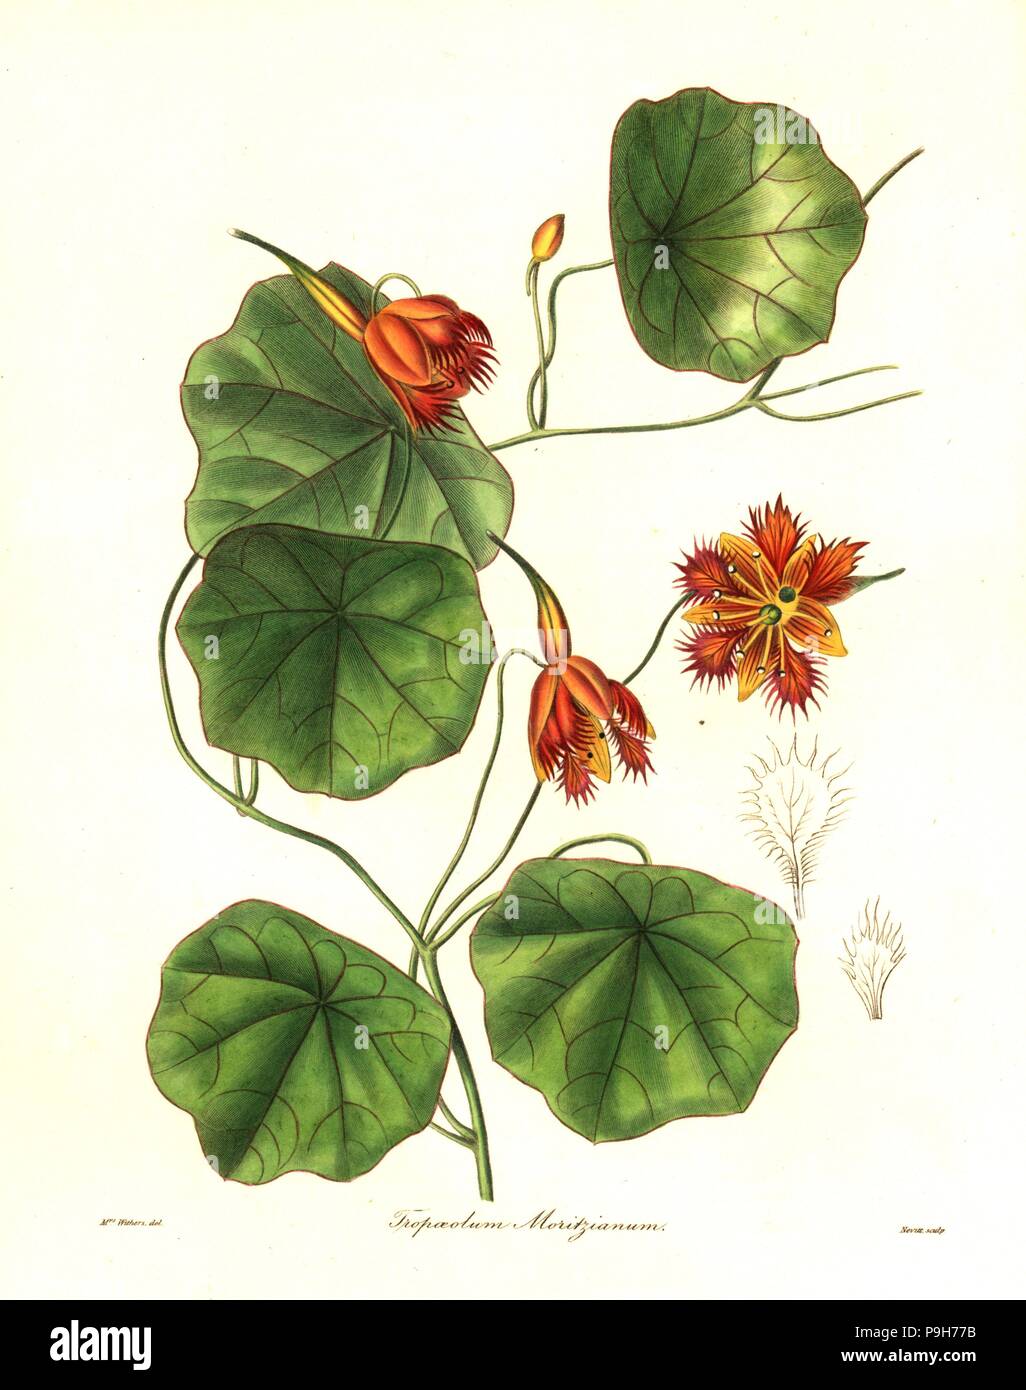 Moritz' Indian cress, Tropaeolum moritzianum. Handcoloured copperplate engraving by S. Nevitt after a botanical illustration by Mrs Augusta Withers from Benjamin Maund and the Rev. John Stevens Henslow's The Botanist, London, 1836. Stock Photo
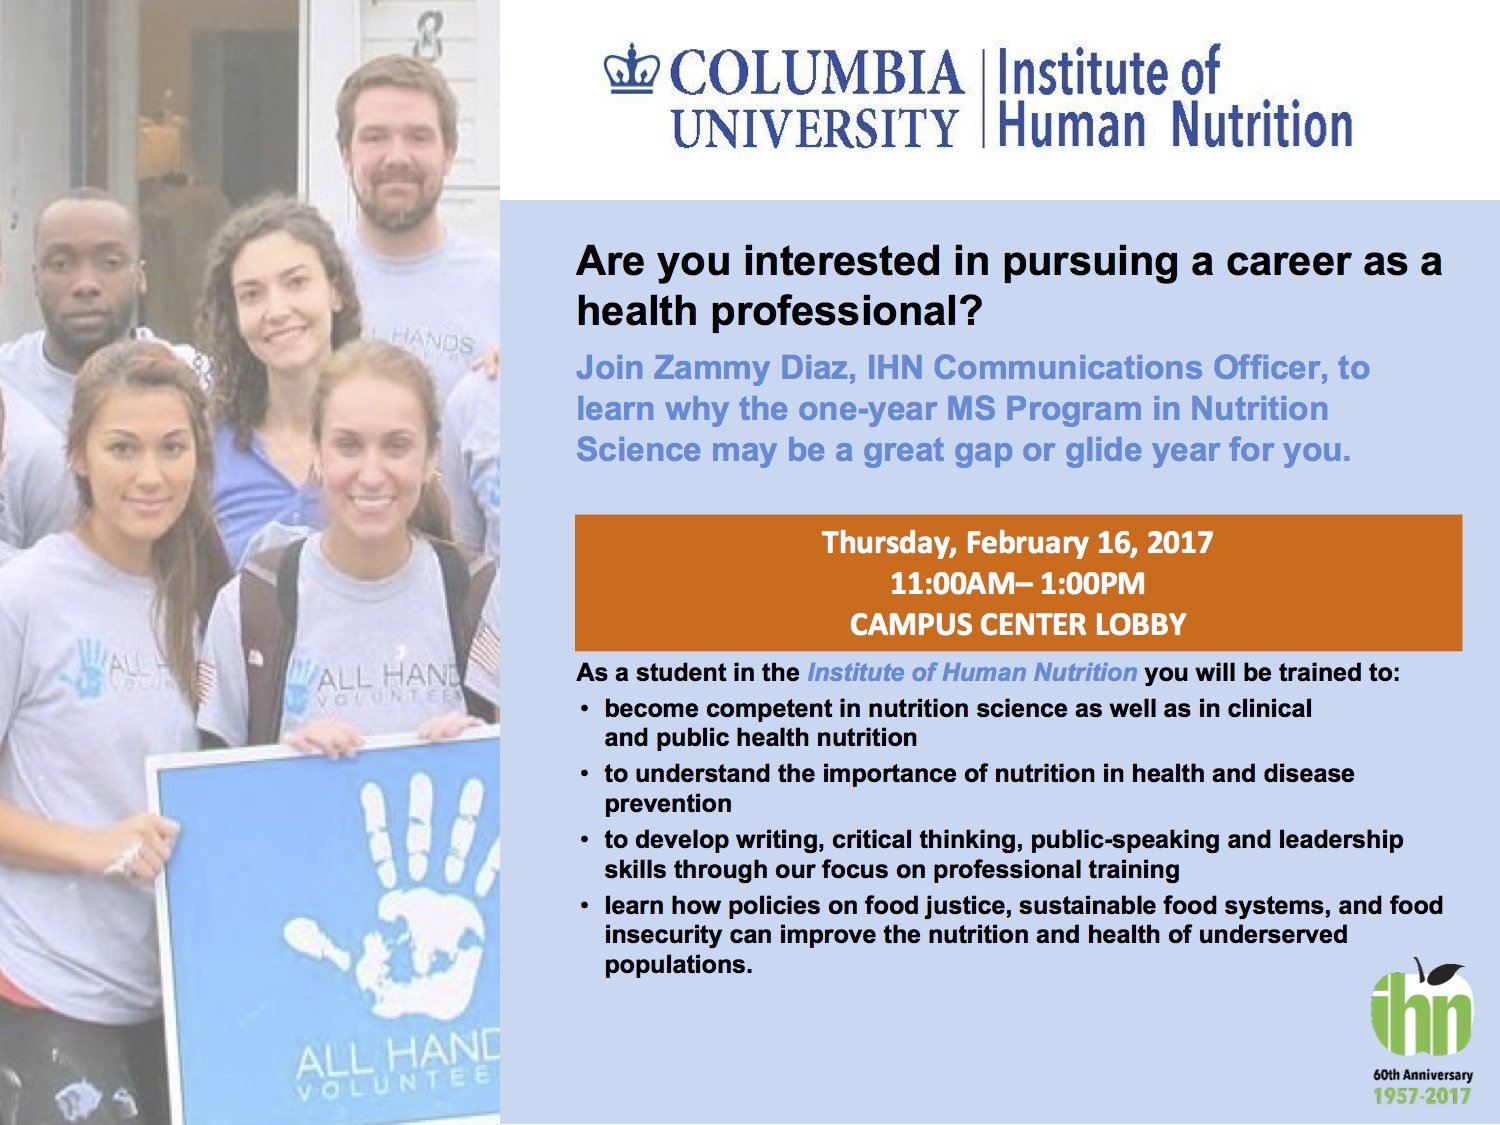 Are You Interested in Pursuing a Career as a Health Professional?
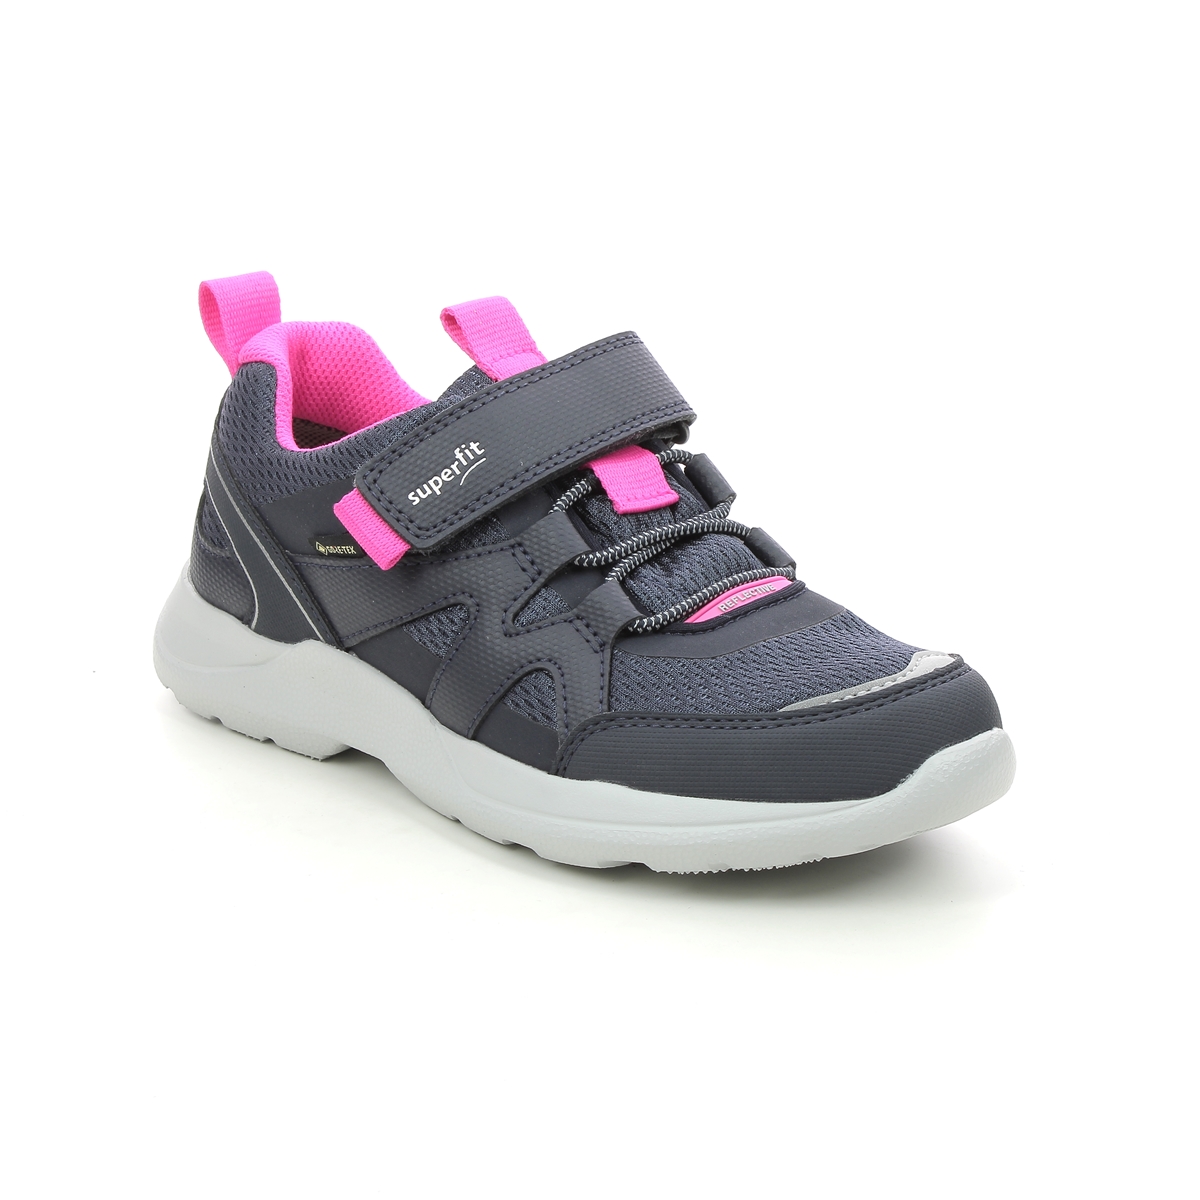 Superfit Rush Jnr G Gtx Navy Pink Kids Girls Trainers 1006219-8020 In Size 33 In Plain Navy Pink For kids

## [WORK TASK]
The entire listing above, minus its pictures, should be copied out exactly.

## [OUTPUT OF THE EXERCISE]
 Moritz' Indian cress, Tropaeolum moritzianum. Handcoloured copperplate engraving by S. Nevitt after a botanical illustration by Mrs Augusta Withers from Benjamin Maund and the Rev. John Stevens Henslow's The Botanist, London, 1836. Stock Photo
 Are You Interested in Pursuing a Career as a Health Professional?
 Superfit Rush Jnr G Gtx Navy Pink Kids Girls Trainers 1006219-8020 In Size 33 In Plain Navy Pink For kids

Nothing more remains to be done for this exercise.